## DATA SHOWN
= = = = = = =
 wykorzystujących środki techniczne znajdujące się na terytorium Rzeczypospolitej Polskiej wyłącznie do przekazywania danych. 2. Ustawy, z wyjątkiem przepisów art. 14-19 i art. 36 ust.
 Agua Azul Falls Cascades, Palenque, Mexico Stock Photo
= = = = = = =
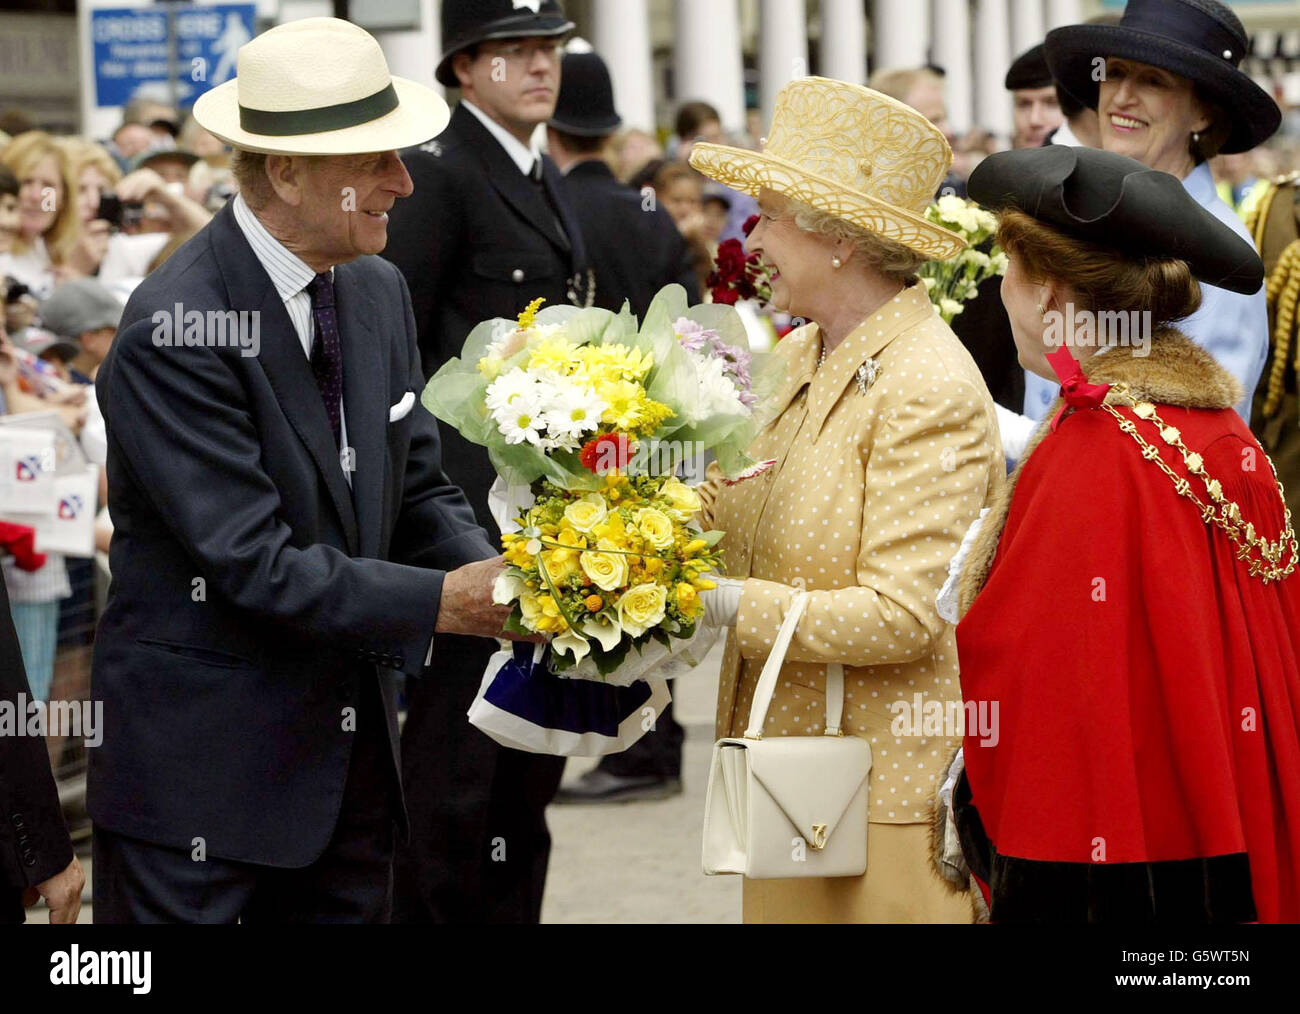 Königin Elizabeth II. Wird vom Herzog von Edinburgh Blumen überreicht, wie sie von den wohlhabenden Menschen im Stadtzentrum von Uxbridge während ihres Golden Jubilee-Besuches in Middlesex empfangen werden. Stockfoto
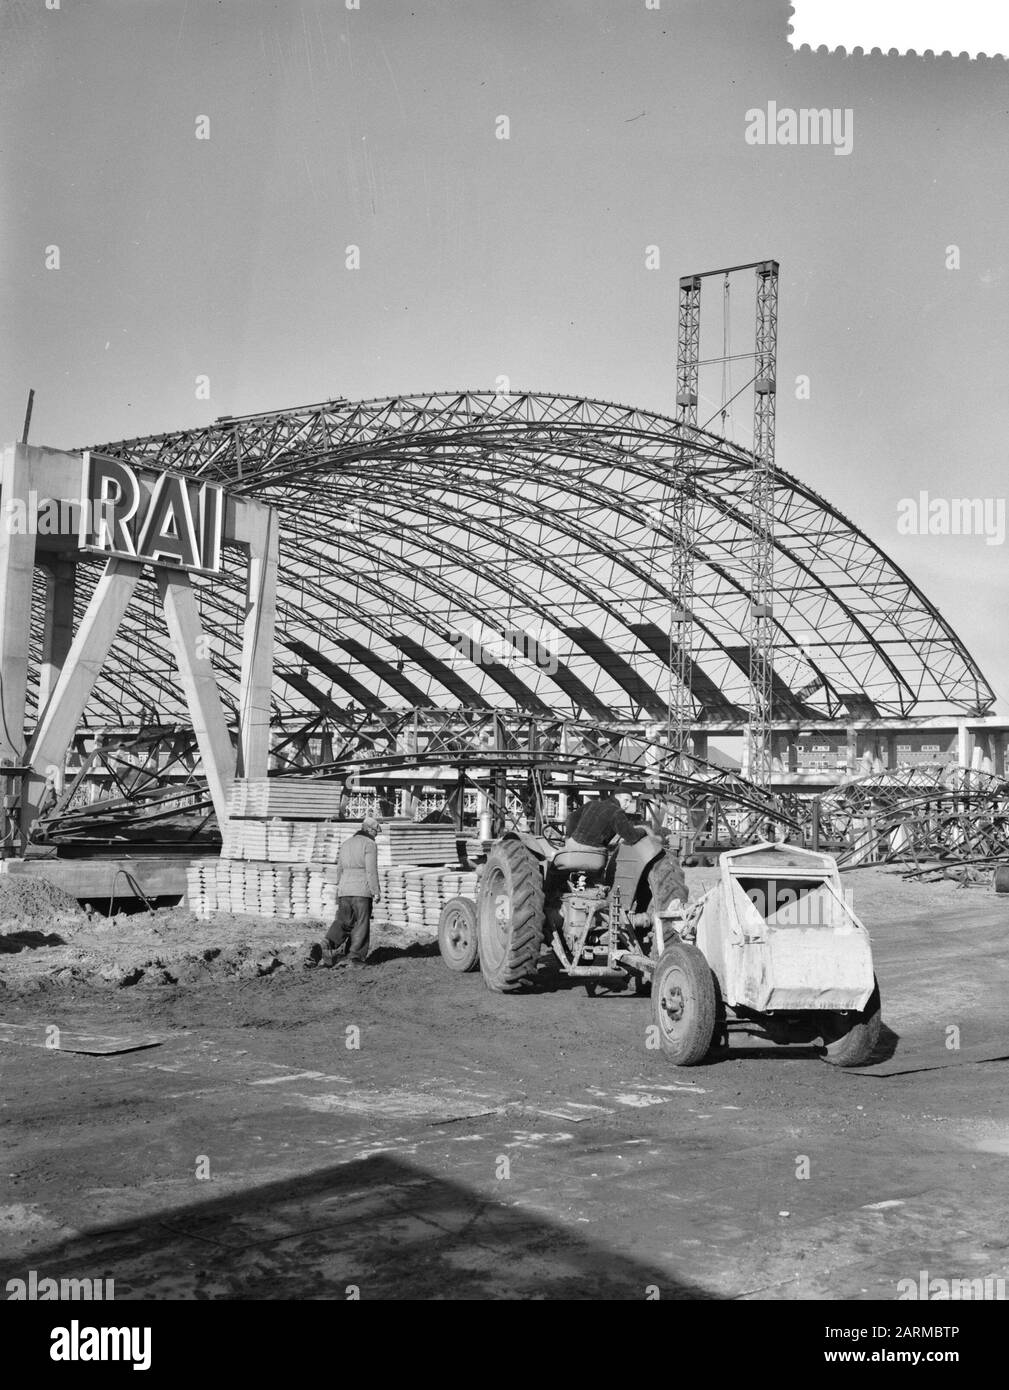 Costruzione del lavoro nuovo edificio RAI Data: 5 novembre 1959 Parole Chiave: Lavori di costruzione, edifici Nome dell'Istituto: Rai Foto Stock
= = = = = = =
## AIM OF THE EXERCISE
Above is the material; set down exactly its lines from the one containing "Königin Elizabeth II." down to the one containing "Costruzione del lavoro", both included, leaving out any pictures.

## REPLY
 Königin Elizabeth II. Wird vom Herzog von Edinburgh Blumen überreicht, wie sie von den wohlhabenden Menschen im Stadtzentrum von Uxbridge während ihres Golden Jubilee-Besuches in Middlesex empfangen werden. Stockfoto
 Costruzione del lavoro nuovo edificio RAI Data: 5 novembre 1959 Parole Chiave: Lavori di costruzione, edifici Nome dell'Istituto: Rai Foto Stock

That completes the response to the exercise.